# Causality, Confounding, and Simpson’s Paradox 1

First of sequence of 6 pedagogical posts on the Simpson’s Paradox.

Bitter fighting among Christian factions and immoral behavior among Church leaders led to a transition to secular thought in Europe (see Zaman (2018) for details). One of the consequences of rejection of religion was the rejection of all unobservables. Empiricists like David Hume rejected all knowledge which was not based on observations and logic. He famously stated that: ““If we take in our hand any volume; of divinity or school metaphysics, for instance; let us ask, Does it contain any abstract reasoning concerning quantity or number? No. Does it contain any experimental reasoning concerning matter of fact and existence? No. Commit it then to the flames: for it can contain nothing but sophistry and illusion.” David Hume further realized that causality was not observable. This means that it is observable that event Y happened after event X, but it is not observable that Y happened due to X. The underlying mechanisms which connect X to Y are not observable. In the early 20^{th} Century, the philosophy of logical positivism which says that human knowledge is based solely on observations and logic became widely accepted and wildly popular. Disciplines like Statistics and Econometrics, which evolved during 20^{th} century, were built on positivist foundations. They only deal with measurable and observable (numbers) and ignore immeasurable concepts like causality. A much more detailed discussion of the philosophical background which led to these widespread misconceptions about human knowledge is given in Zaman (2012).

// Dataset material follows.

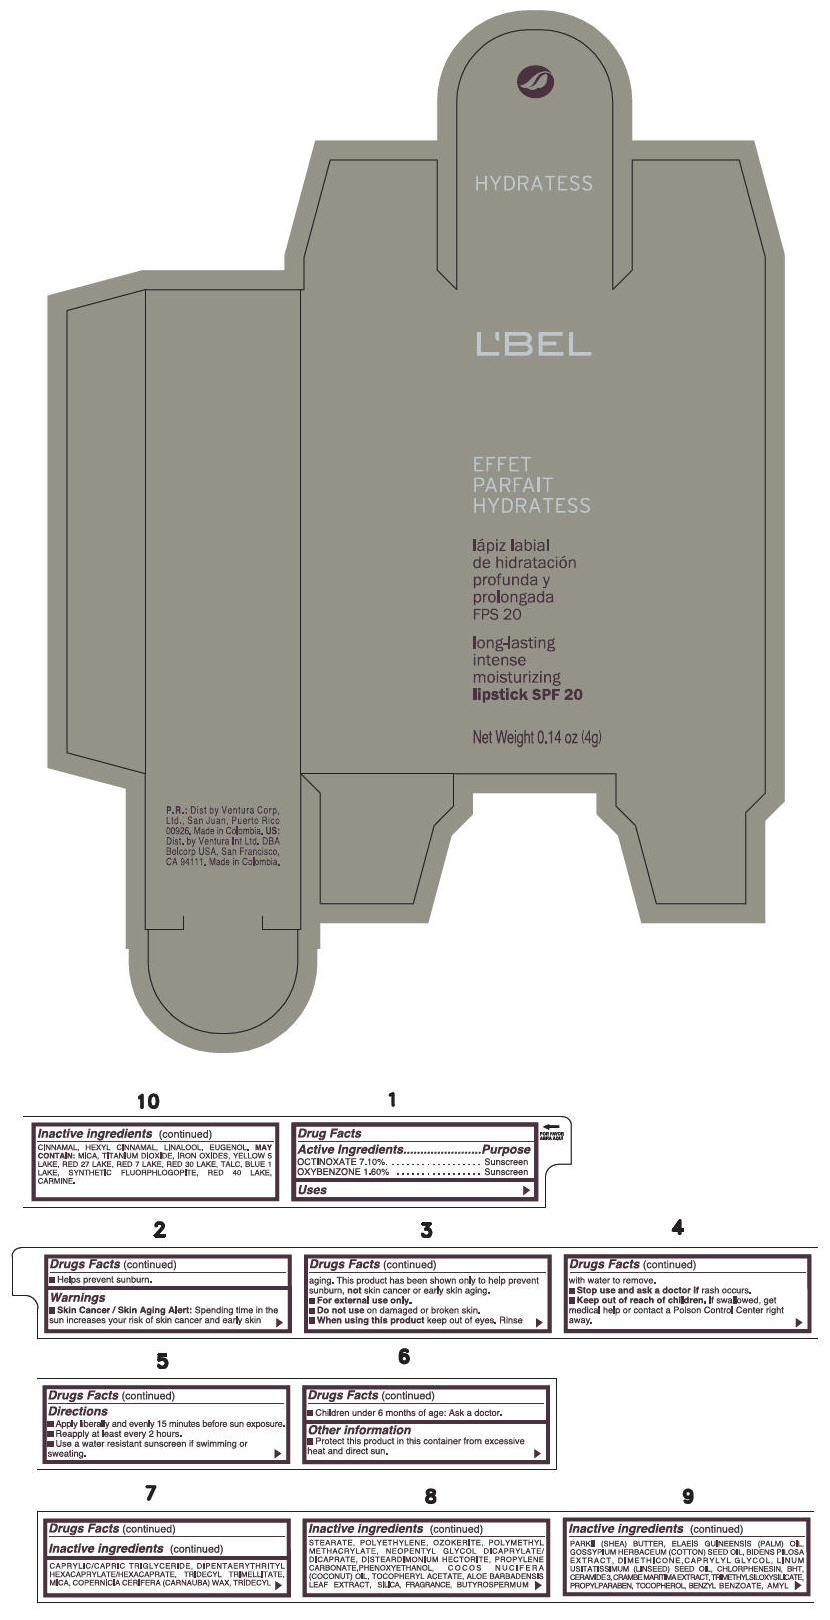 PRINCIPAL DISPLAY PANEL - 4 g Tube Box - (MALVE) - BROWN
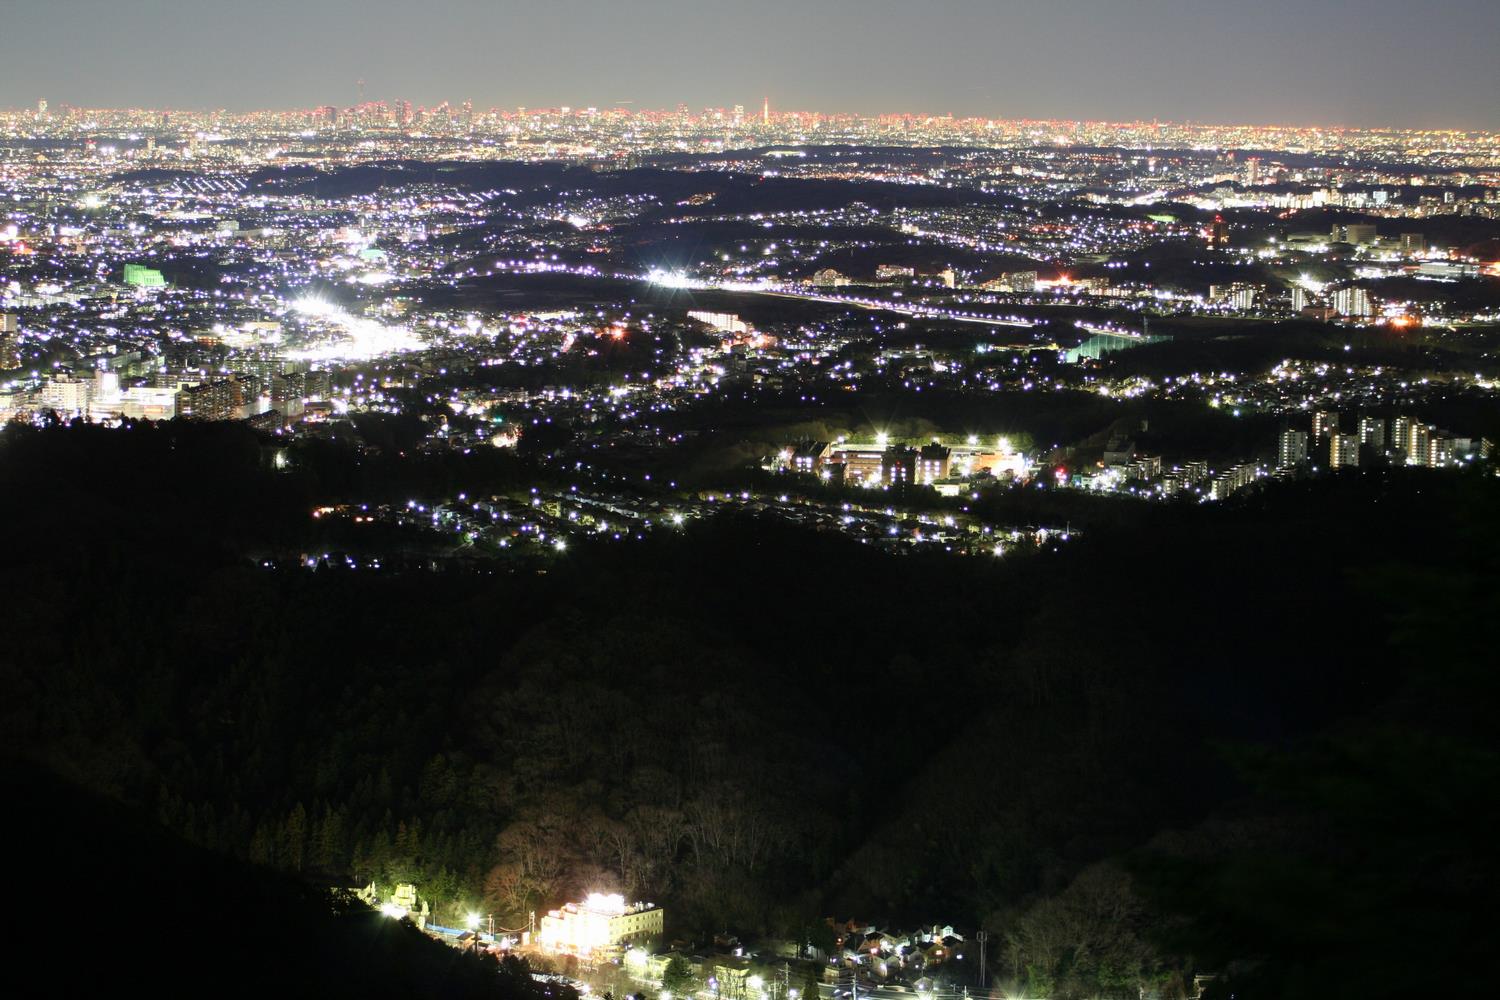 高尾山からの夜景 八王子市公式シティプロモーションサイト 都会にないもの 田舎にないもの ここにある

Pearl et. al. (2016, Chapter 2) provide a history of how mistakes by the founders of the discipline led to replacement of causality by correlation in statistics. Pearl (2018, Chapter 5) provides the history of how causal information was dropped from econometric models. Current econometric techniques do not allow us to distinguish between real and spurious relationships. Excellent and robust fits can be seen between totally unrelated variables like log of number of newspapers published and life expectancy. there is no way to tell if a regression is real or spurious. How do we differentiate between a regression of Turkish Consumption on Turkish GDP, which has a strong causal basis, and one of GNP on Newspapers, which is purely correlation without causation? Many examples like these are discussed in Zaman (2010), which show serious confusions about causality in conventional econometrics, and resulting consequences in terms of defective analysis.

This is an introductory article which explains the importance of explicit consideration and modeling of causality, contrary to current econometric practice, in order to use data set for extraction of meaningful information. One of the easiest to understand approaches to causality is via Simpson’s paradox. We will use this paradox, framed in different real-world contexts, to provide an introduction to basic concepts of causality.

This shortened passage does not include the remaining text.